Several factors were added in a second model, including Register and Age Group as well as interactions involving every combination of Label, Group, and Register. This also resulted in a significant model, where all the predictors (except for Excursions), and most importantly the interaction Label∗Group∗Register, were significant. This second model constituted a significant improvement over the first, as confirmed through an ANOVA [F(6,7549)=13.49, p<0.001], which lends support to the hypothesis that not all of the changes in ∕s,ʃ∕ are explained by changes in local acoustic characteristics, but rather that there were some register-specific effects, and that these were found in speech to older infants. The full results for these two models are reported in Table 4. In a third model, an attempt was made to control for the fact that some caregivers contributed more data than others, and could thus affect results to a larger extent. To this end, Dyad was added as well as its interactions with Label, Group, and Register. In accordance with the previous conclusions, the Label∗Group∗Register interaction remained significant [t=2.2, p<0.05].

Table 4.

Summary of linear regression models with M1 as the outcome, and Average Pitch, pitch Excursion, Rate of Speech, phonetic Label, Register, and age Group as predictors. Significance at the 0.05 level is signaled with ; 0.01 with ∗∗; 0.001 with ∗∗∗.

  Estimate SE t
Model 1: R2=.518, F(4,7555)=2026, p<0.001
Intercept 7538.367 85.01 88.674∗∗∗
Label (ʃ) −3285.74 36.632 −89.695∗∗∗
Rate of speech −66.153 11.120 −5.949∗∗∗
Average pitch 2.173 0.26 8.359∗∗∗
Excursion −1.697 1.32 −1.289
 
Model 2: R2=.523, F(10,7549)=826.5, p<0.001
Intercept 7494.5884 89.442 83.79∗∗∗
Label (ʃ) −3120.836 73.036 −42.73∗∗∗
Group (4–6 months) 123.252 59.006 2.09
Register (IDS) 125.376 53.392 2.35
Rate of speech −69.114 11.169 −6.19∗∗∗
Average pitch 2.398 0.278 8.62∗∗∗
Excursion −2.011 1.311 −1.53
Label∗Group −242.279 116.393 −2.08
Label∗Register −324.913 95.586 −3.4∗∗∗
Group∗Register −492.31 75.924 −6.48∗∗∗
Label∗Group∗Register 504.924 151.817 3.33∗∗∗

As in previous work (Baran et al., 1977), there was some variation in the fit of this general pattern to individual data. Among the caregivers of older infants, 19 showed an increase in mean M1 for ∕s/, 6 a decrease, and the remainder little change; in contrast, only 6 showed a marked change with respect to the ∕ʃ∕ category (3 in each direction). Among the younger cohort, 10 showed some decrease in mean M1 for ∕s/, but for most the distribution of each consonant overlapped across registers.

DISCUSSION

The idea that IDS may be shaped by the implicit goal of facilitating language acquisition is as old as the concept of ‘motherese’. In his classical paper, Charles Ferguson hypothesized that the apparent universality of certain IDS features arose from the fact that this register served the same functions in all languages and cultures, including simplifying and clarifying the linguistic material (Ferguson, 1964). More recently, training studies have shown that infants’ perception of sound categories can be shaped by the distribution of acoustic cues that they are exposed to (Maye et al., 2008, 2002). These findings revolutionized the field, insofar as they lent support to the possibility that phonological learning could be driven by bottom-up learning of categories from the acoustic distributions in the input (McMurray et al., 2009). As a result, the question of whether the acoustic implementation of sound categories is enhanced in IDS is not just of descriptive interest, but becomes a key element in the puzzle of how natural language acquisition comes about.

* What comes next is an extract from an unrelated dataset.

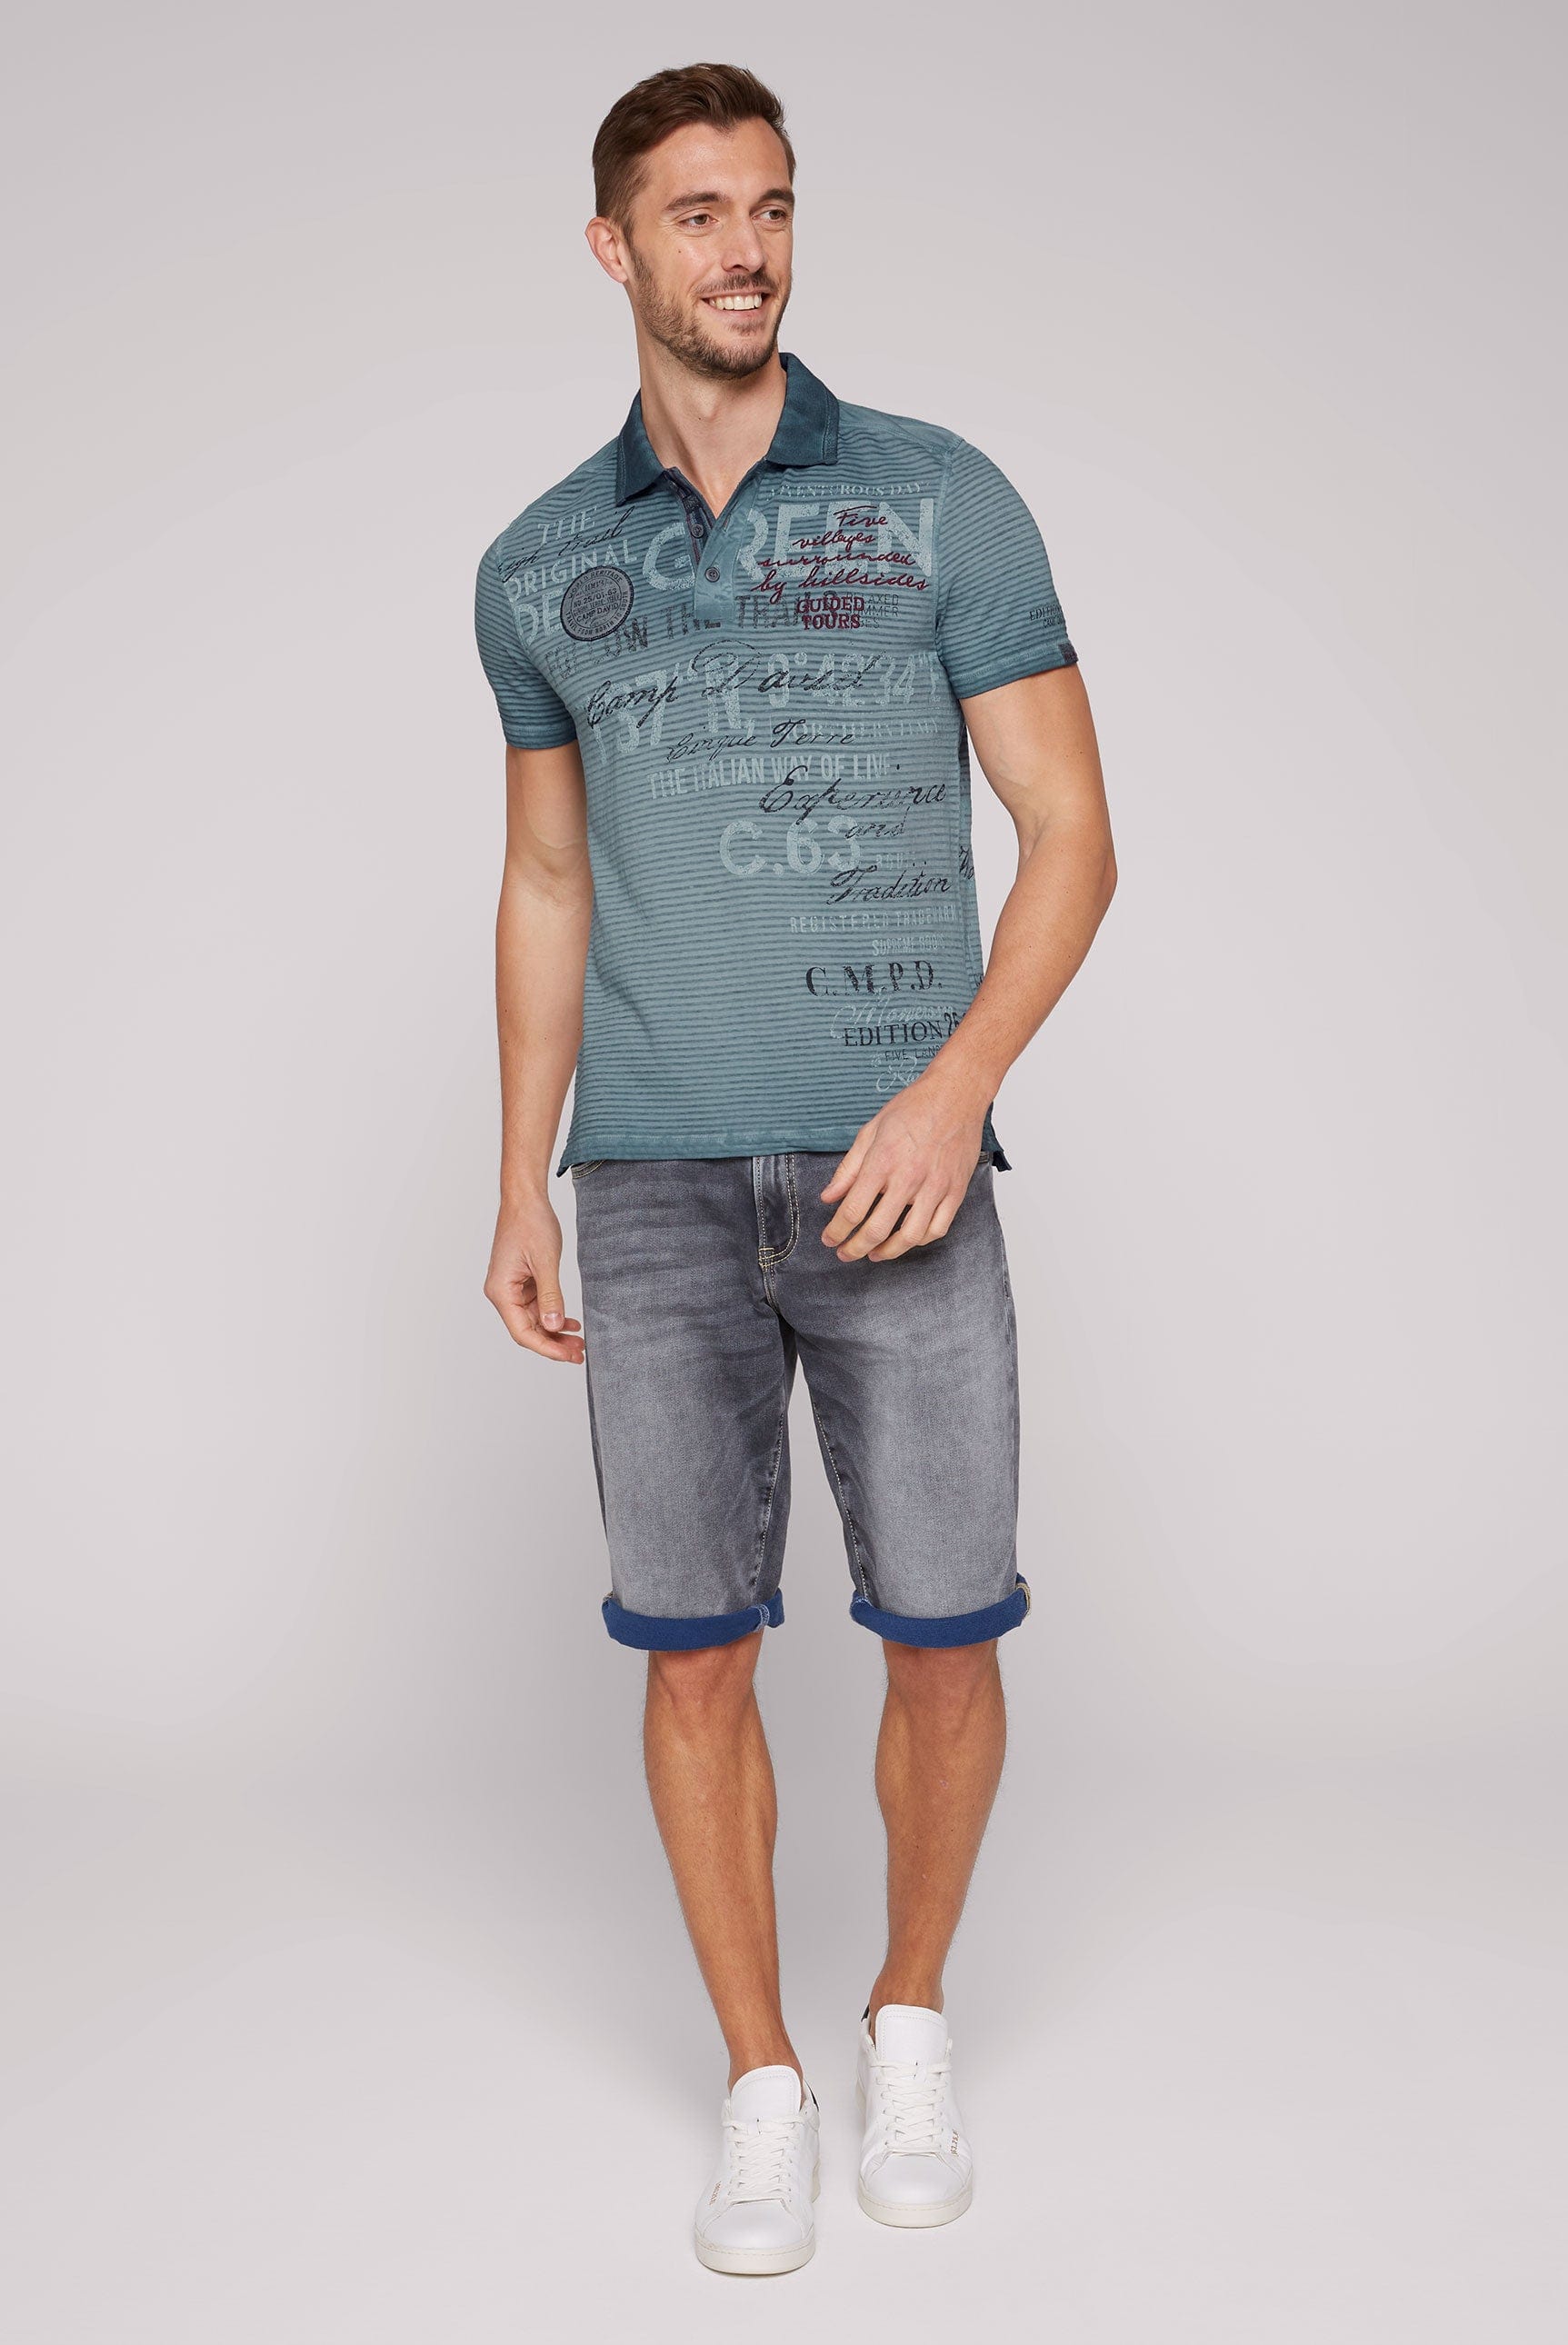 Camp David Poloshirt, short sleeves, blue steel Fashion Stateshop

Extant evidence on consonantal enhancement in IDS was not conclusive, but this may have been due to factors such as interference from prosodic characteristics and reduced power due to small sample sizes. The present study has attempted to deal with these roadblocks, and is thus able to provide more conclusive evidence for phonetic enhancement in consonantal implementation in IDS. The speech of 32 caregivers of 12- to 14-month-olds, and 23 4- to 6-month-olds was analyzed for the acoustic implementation of the sibilant place of articulation contrast between ∕s/ and ∕ʃ∕. This contrast was chosen to minimize the effects of prosodic characteristics, but prosodic IDS characteristics (speech rate and pitch) were also measured, in order to control for their possible effect on the sibilants’ acoustic characteristics. The prediction, based on independent studies of clear speech, was that M1 would be higher for ∕s/ in IDS than in ADS. This was the case in speech to 12- to 14-month-olds. Variation in M1 was not completely accounted for by an increase in average pitch (which would be the case if they are both due to a third factor, such as increased vocal effort or airflow, or a reduction of the length of the vocal tract, e.g., due to smiling), or by a reduction in the speech rate (in which case more extreme articulations are invited). The following subsections detail the theoretical and empirical implications of these results.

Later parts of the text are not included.